═══ Source data

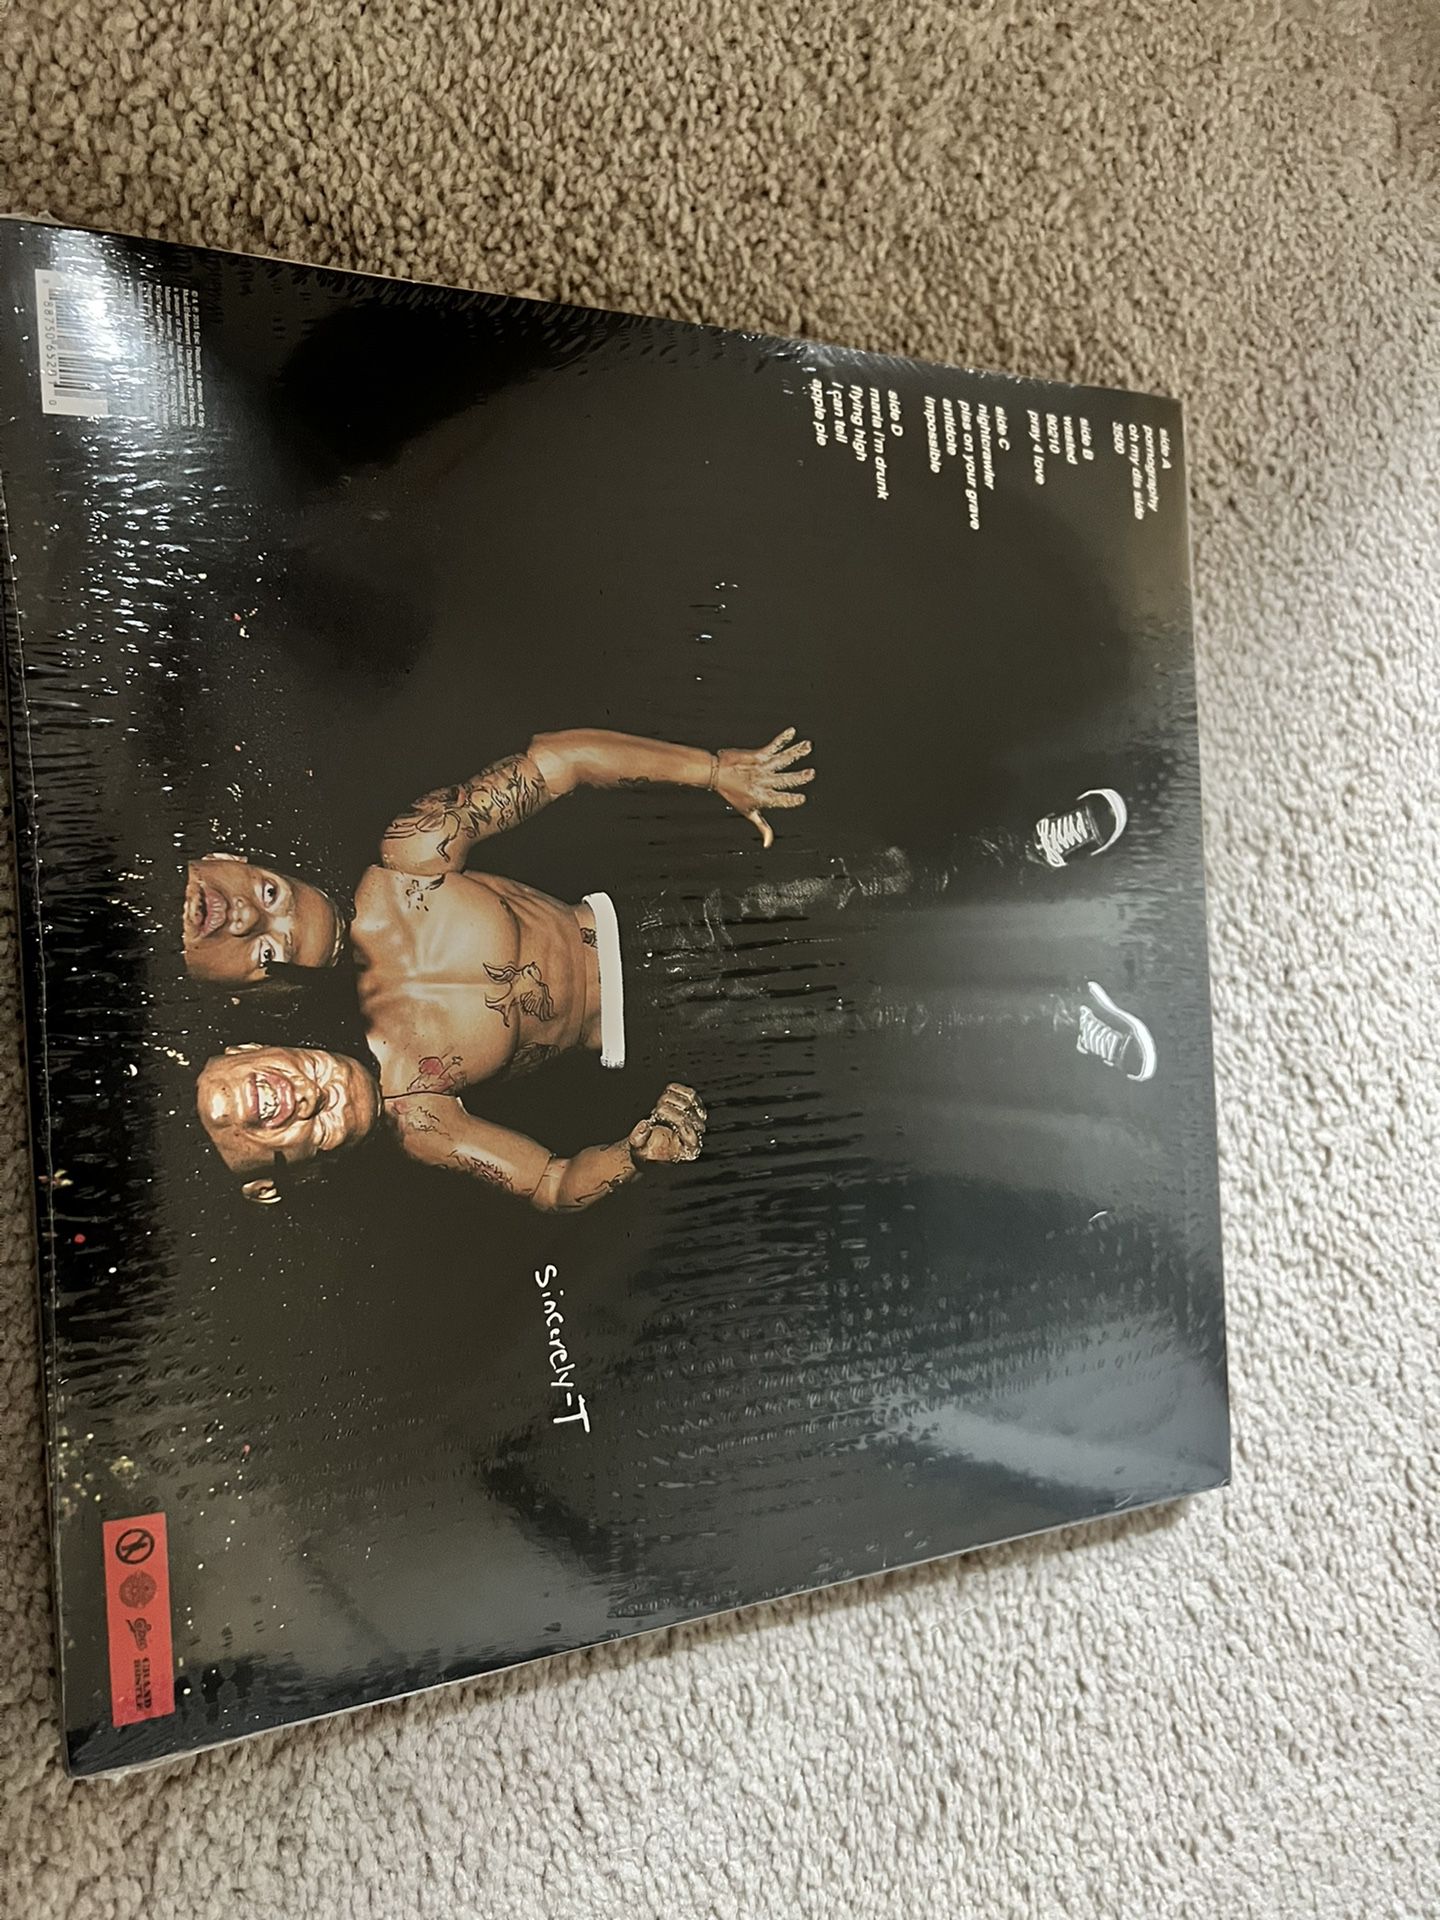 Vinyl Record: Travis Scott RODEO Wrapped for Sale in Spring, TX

══════
═══ Source data

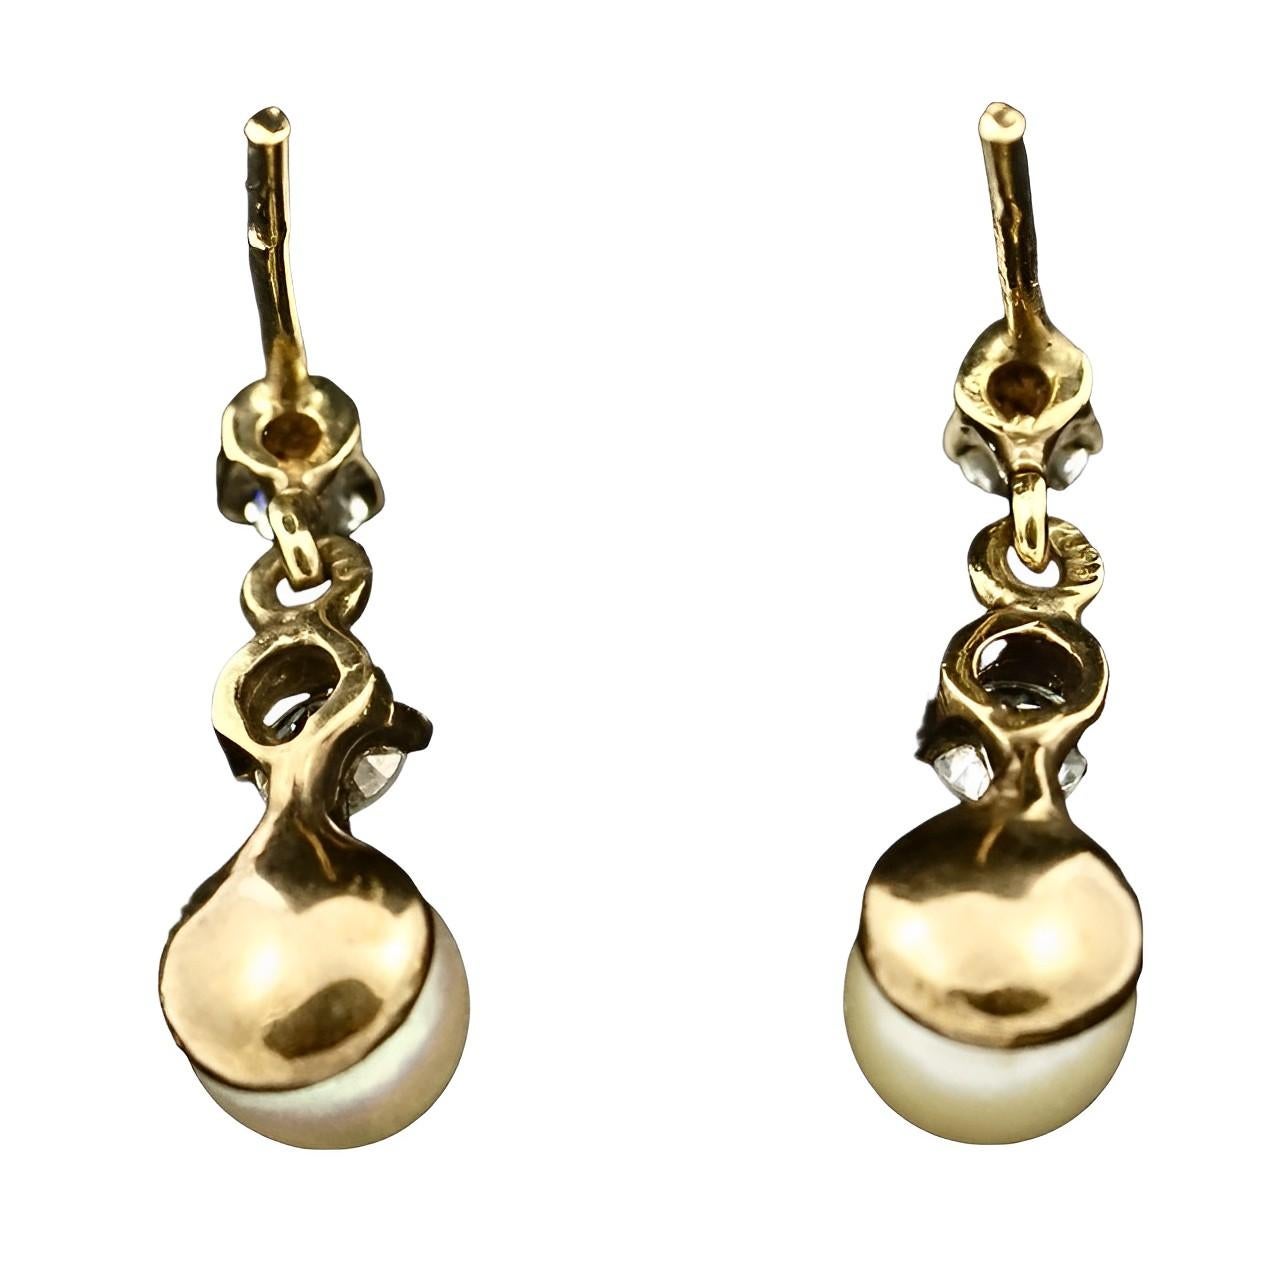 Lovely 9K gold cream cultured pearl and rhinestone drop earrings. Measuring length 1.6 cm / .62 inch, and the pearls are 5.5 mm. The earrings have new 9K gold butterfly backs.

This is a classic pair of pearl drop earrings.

══════
═══ Source data

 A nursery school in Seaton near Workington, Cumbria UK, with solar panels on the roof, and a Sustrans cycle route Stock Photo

══════

> **Activity**: Nothing but the lines from the one with "Lovely 9K gold" to the one with "This is a classic" above, both included, should be transcribed, exactly and without pictures.

> **Response to the exercise**:
 Lovely 9K gold cream cultured pearl and rhinestone drop earrings. Measuring length 1.6 cm / .62 inch, and the pearls are 5.5 mm. The earrings have new 9K gold butterfly backs.

This is a classic pair of pearl drop earrings.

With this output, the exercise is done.